Monday, Nov. 16, 1981

Moscow's Aim: Split NATO

By Thomas A. Sancton

SOVIET UNION

The "peace"offensive against Europe tries to block U.S. missiles

With the rows of medals on his full-dress uniform gleaming under the television lights, Soviet Defense Minister Dmitri Ustinov stepped to the podium in the Kremlin's modernistic Palace of Congresses late last week to report on the state of the country. In his address, delivered on the eve of a national holiday marking the 64th anniversary of the Bolshevik Revolution, Ustinov lectured Washington on its belligerent rhetoric. Charged Ustinov: "Its high-ranking representatives declare with cynical disregard for the destinies of peoples that 'there are things more important than peace' and that a so-called limited nuclear war is not only possible but even acceptable."

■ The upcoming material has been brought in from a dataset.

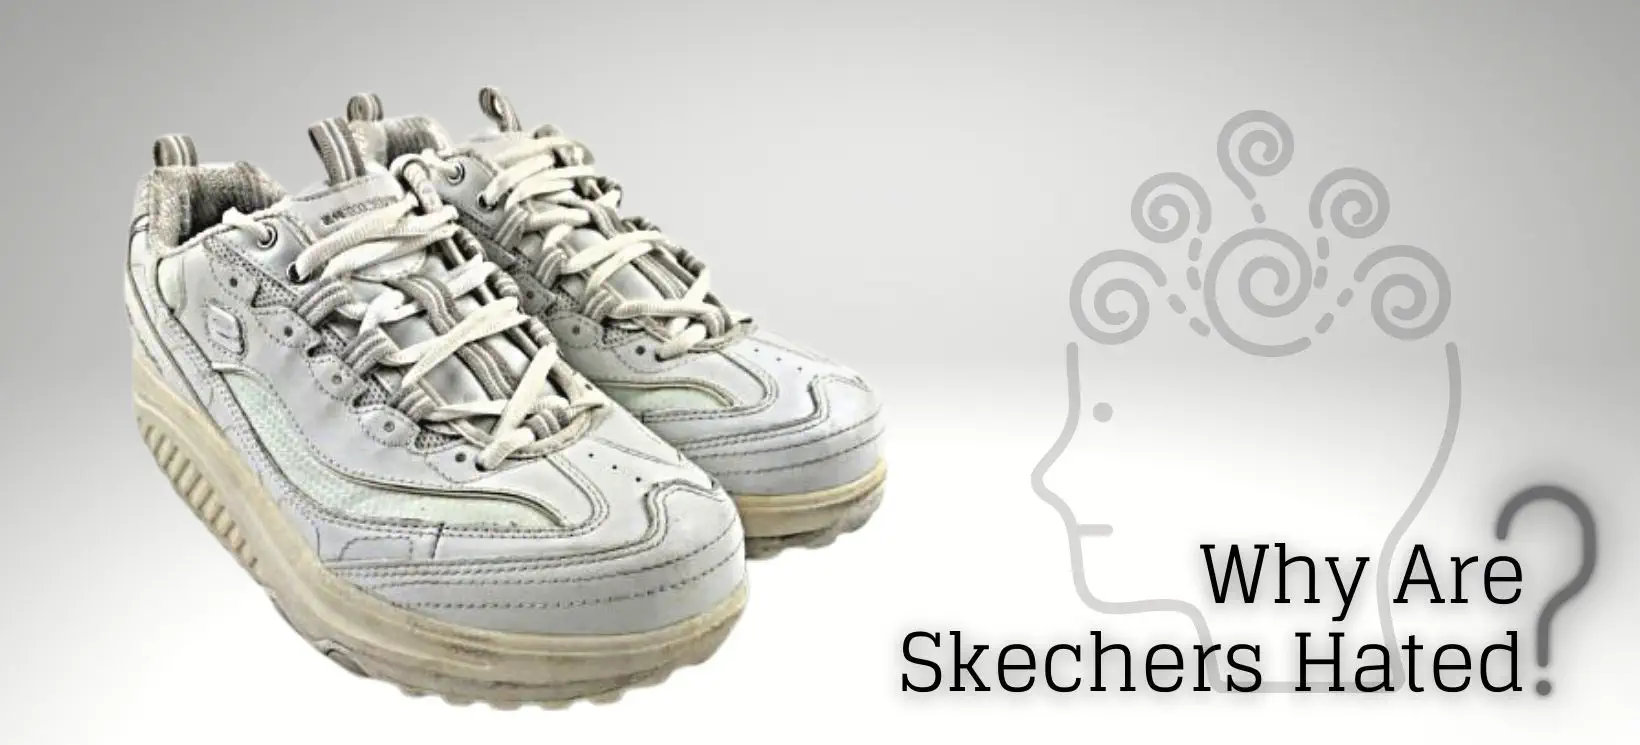 Why Are Skechers Hated?

That was only the latest salvo in a Soviet peace offensive that has been building to a crescendo over the past few months. The ultimate goal of this intense propaganda campaign is to drive a wedge between the U.S. and its Western European allies. The more immediate intent is to encourage opposition to the stationing of a new generation of U.S. medium-range missiles in Western Europe, a policy that NATO adopted in 1979 to offset the prolific deployment of SS-20s and other weapons in the western Soviet Union. Ustinov's remarks were carefully targeted and timed. Moscow's campaign will soon face two key tests: the opening on Nov. 30 of the Geneva talks on limiting Soviet and American theater nuclear forces (T.N.E) in Europe, and Leonid Brezhnev's visit on Nov. 22 to West Germany, where opposition to the NATO missile plan is already strong enough to endanger Chancellor Helmut Schmidt's hold on the government.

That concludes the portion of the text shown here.